In addition, the room 900 is equipped with an optional air conditioning system 80 that can produce an air stream 950 inside the room. The quantity of the air stream 950 can be used to influence the air exchange rate and the flow rate inside the room 900. The temperature of the entering air 950 can be used to heat or cool the room 900.

The actual values of the air temperature, the flow rate, the humidity and/or the quantity of air are captured by capture means 70. The measured values are supplied to the apparatus 1, as explained above with reference to FIGS. 1 and 2.

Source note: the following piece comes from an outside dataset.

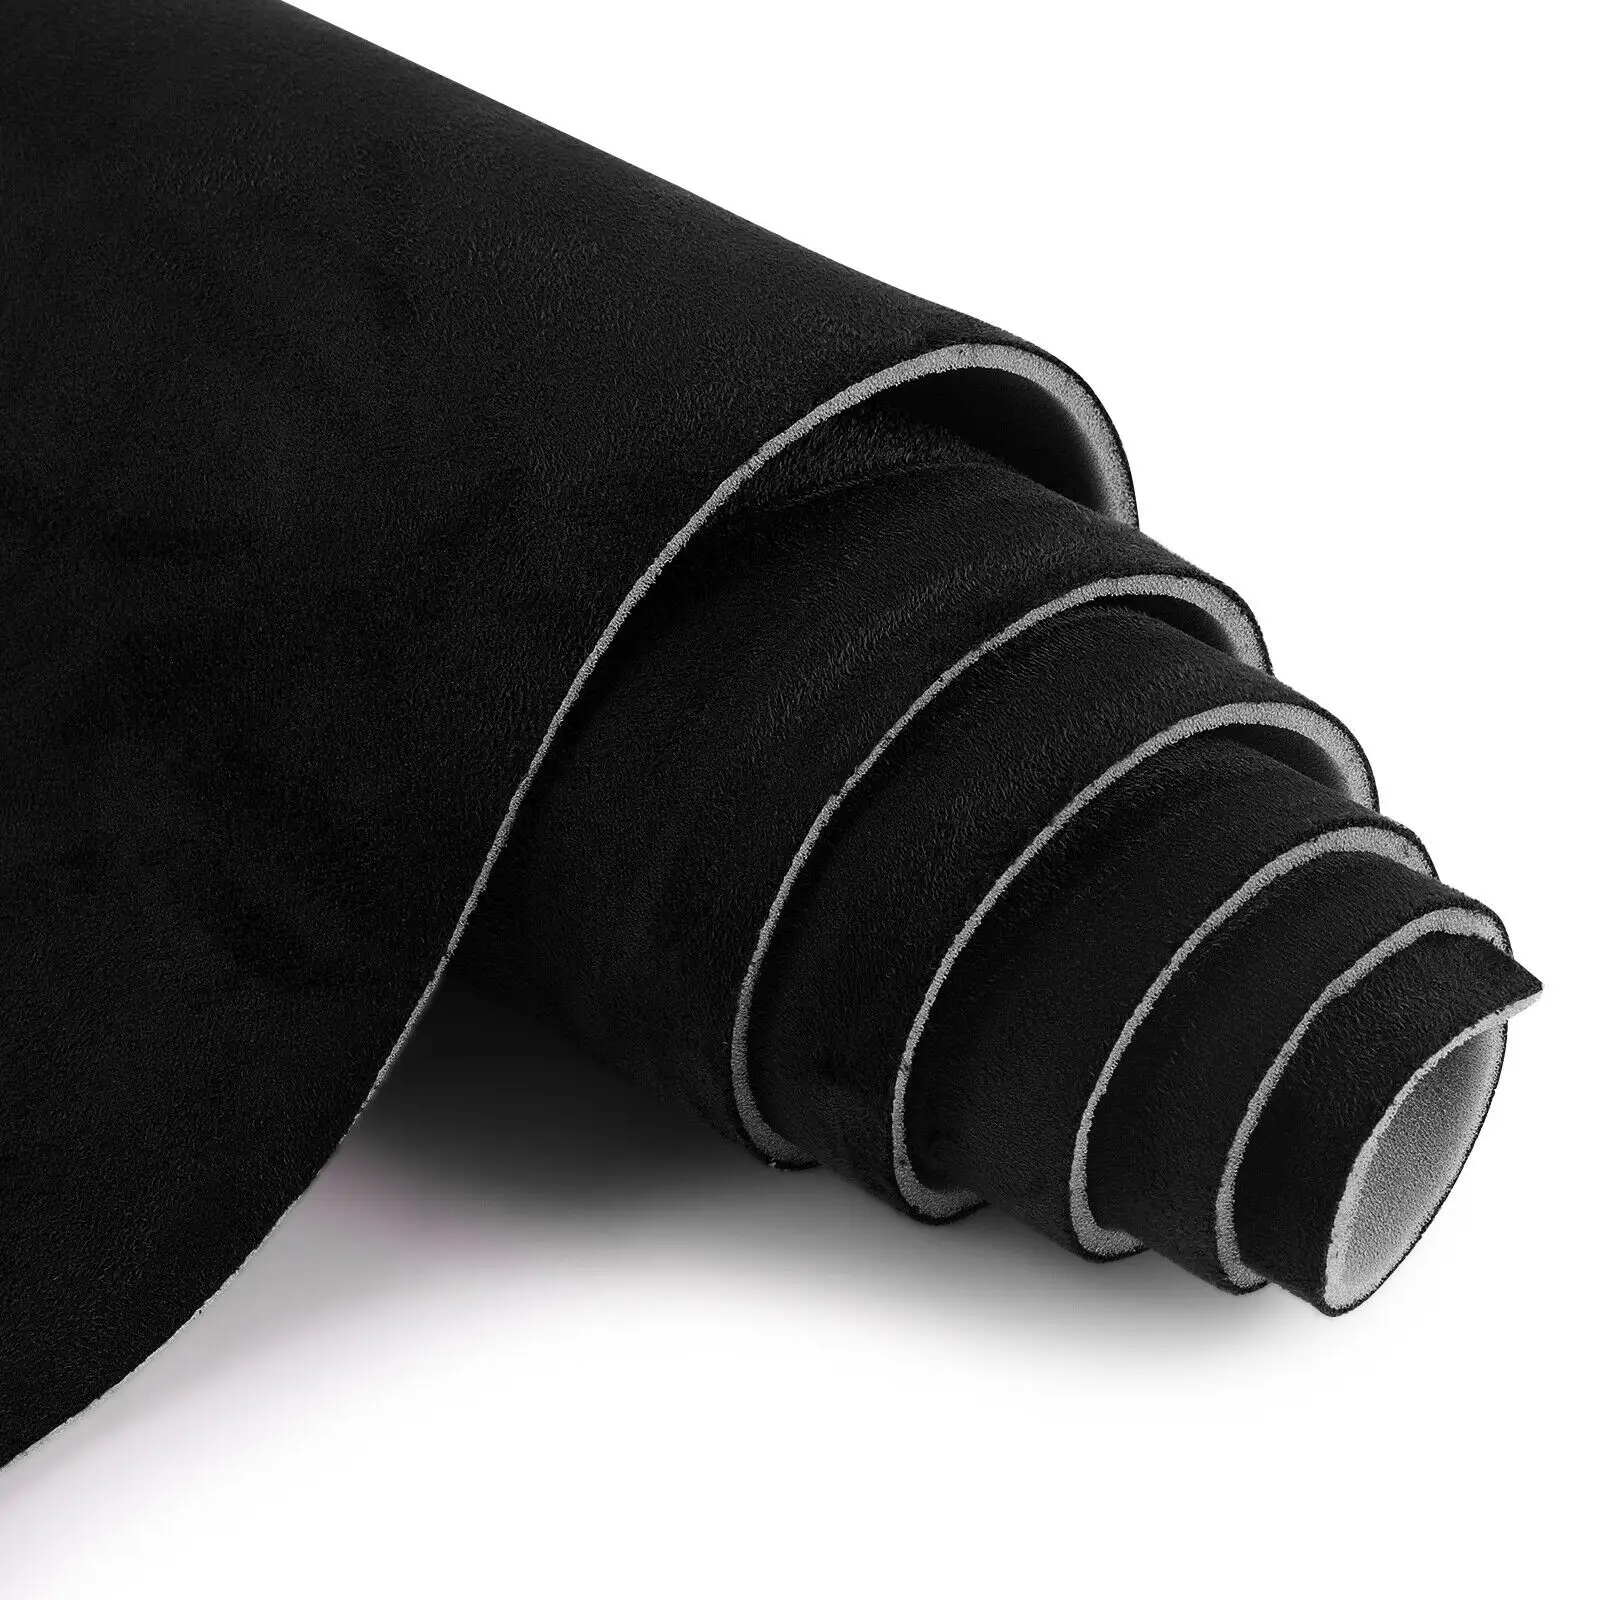 Tissu en daim extensible noir pour intérieur automobile, doublure pour tapisserie, vente en gros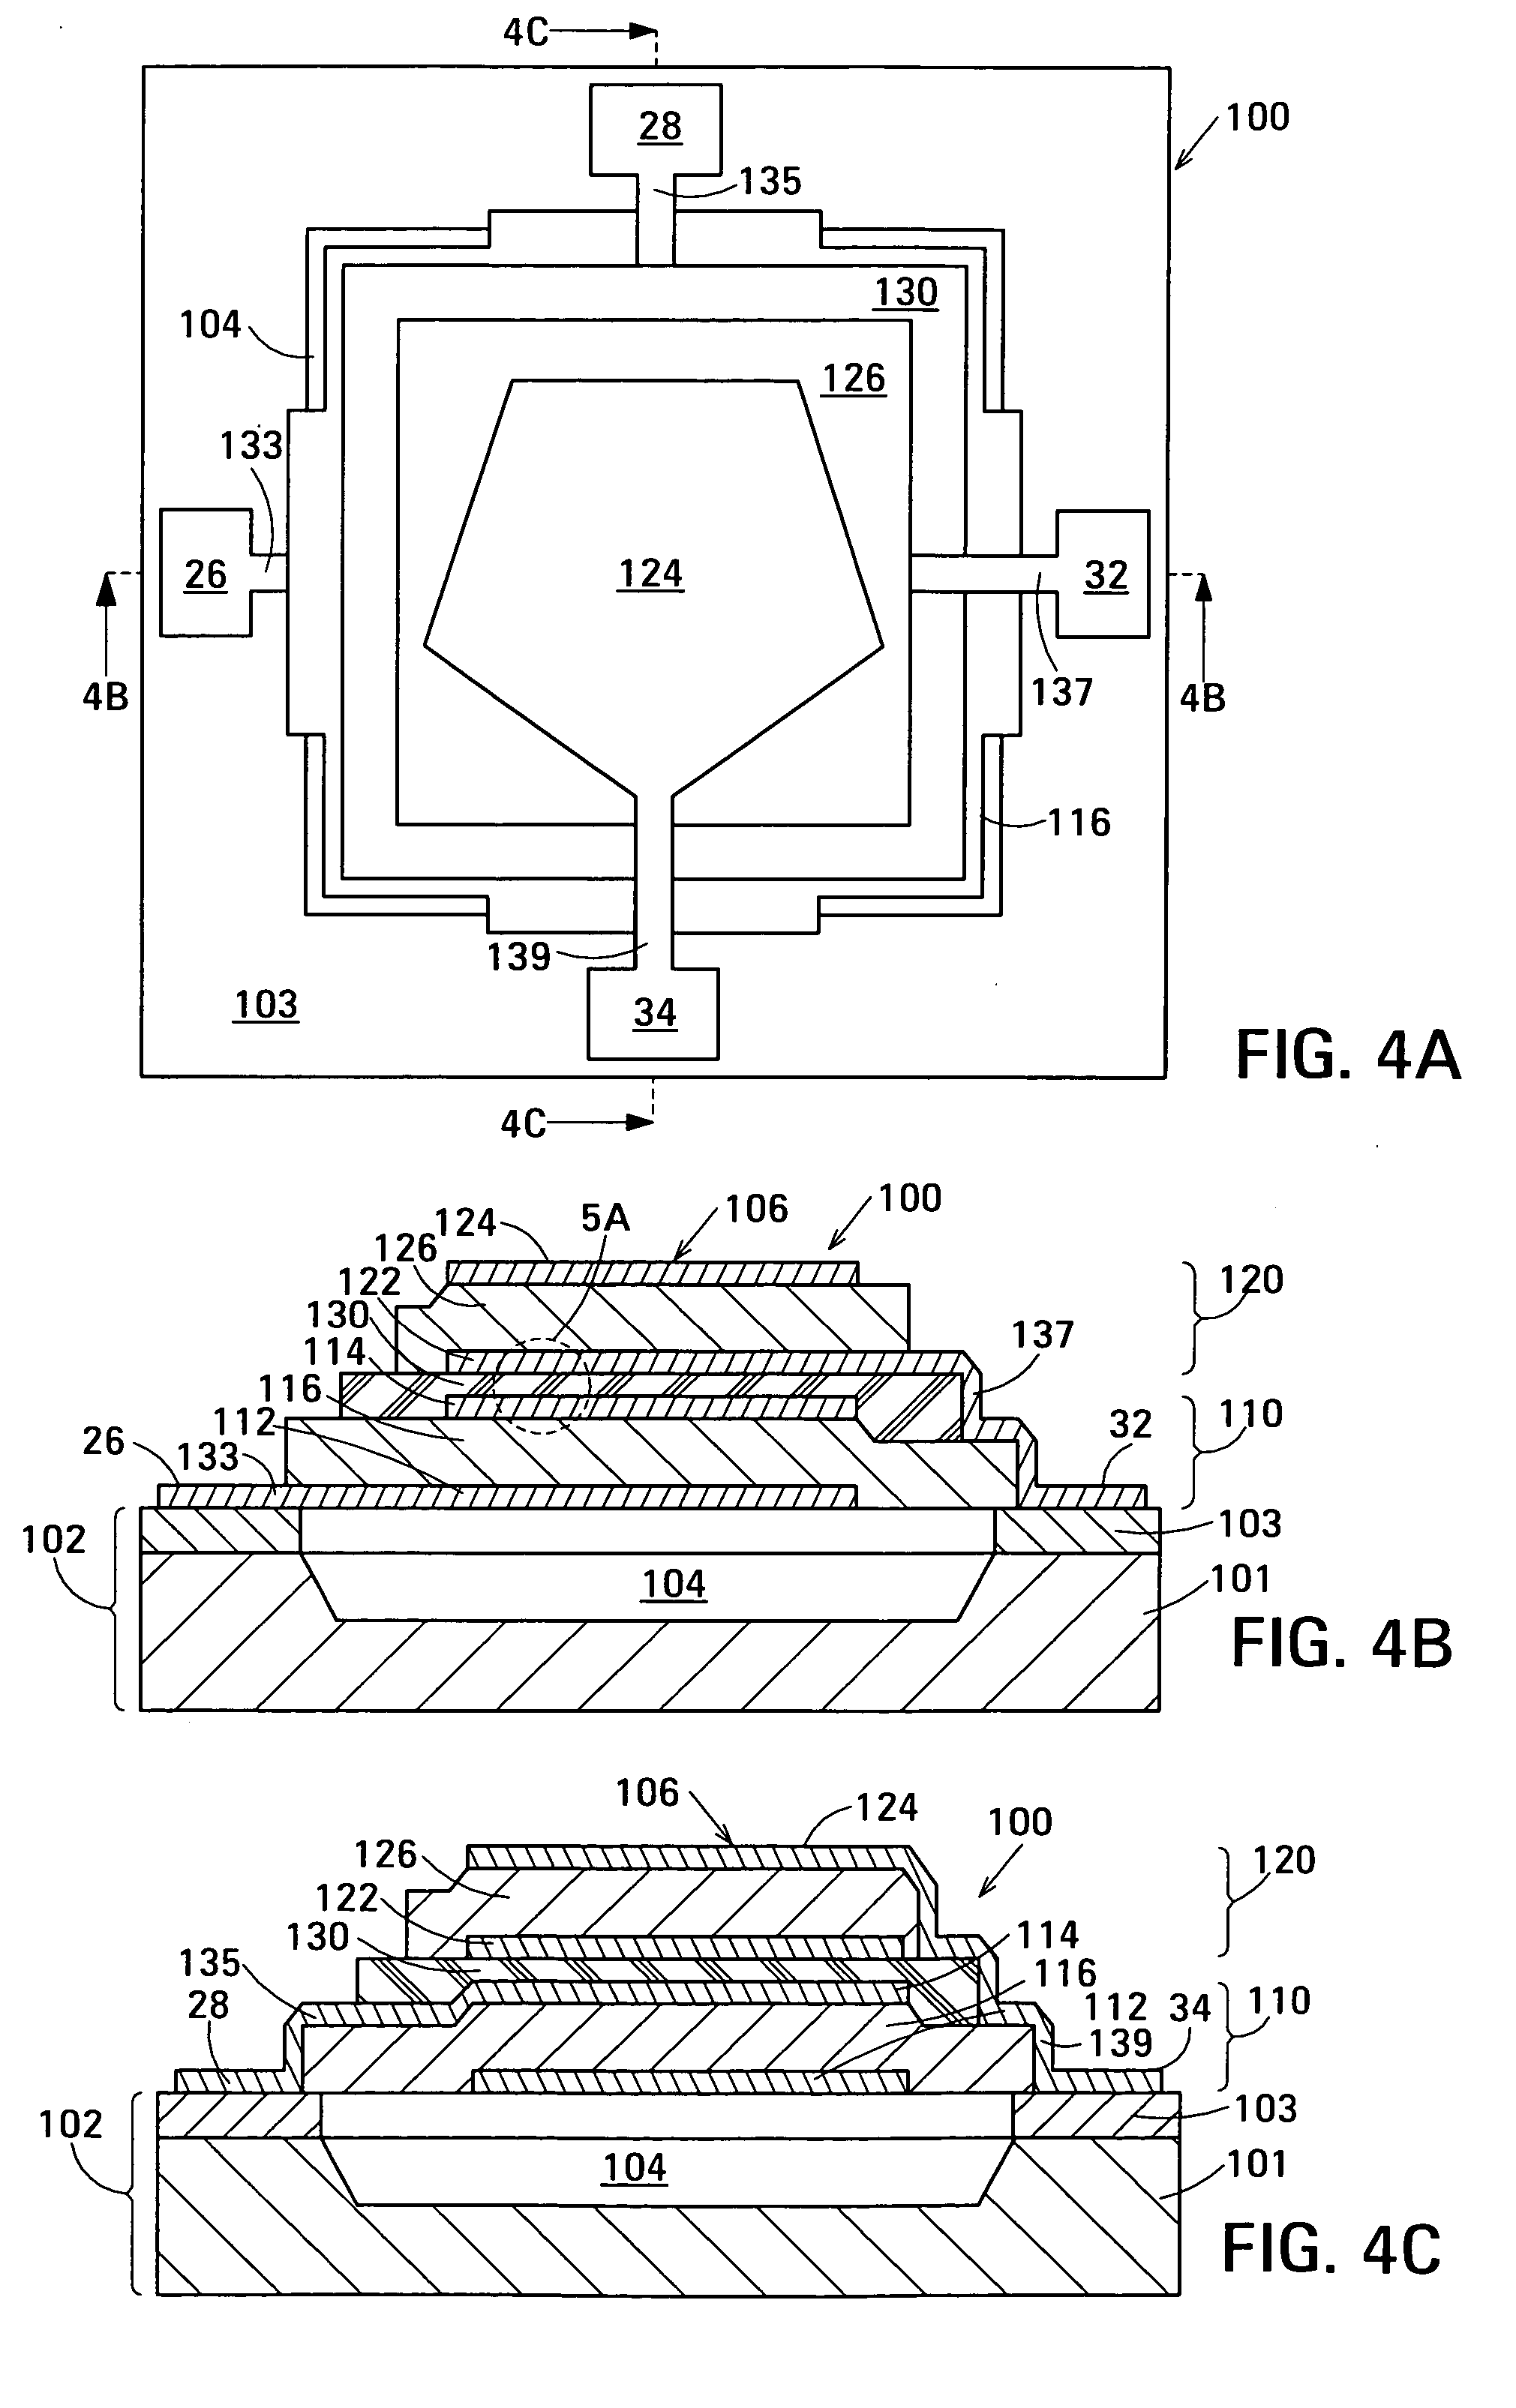 Acoustic galvanic isolator incorporating single decoupled stacked bulk acoustic resonator

In addition, the room 900 contains at least one image capture device 10 that can be used to capture the motion of at least one person 90. The data from the image capture device 10 are also supplied to the apparatus 1, as already explained above. Finally, the room 900 contains at least one infrared sensor 40 that covers at least a subvolume or a surface portion of the floor area of the room 900. The infrared sensor 40 can firstly detect the temperature of the surface of the person 90 at at least one point and supply this temperature to the apparatus 1. Secondly, the infrared sensor 40 can also detect the temperature of the floor 930 and/or of the walls 910. In addition, surface regions 911 may also be present, the temperature of which is not measured directly by an infrared sensor 40.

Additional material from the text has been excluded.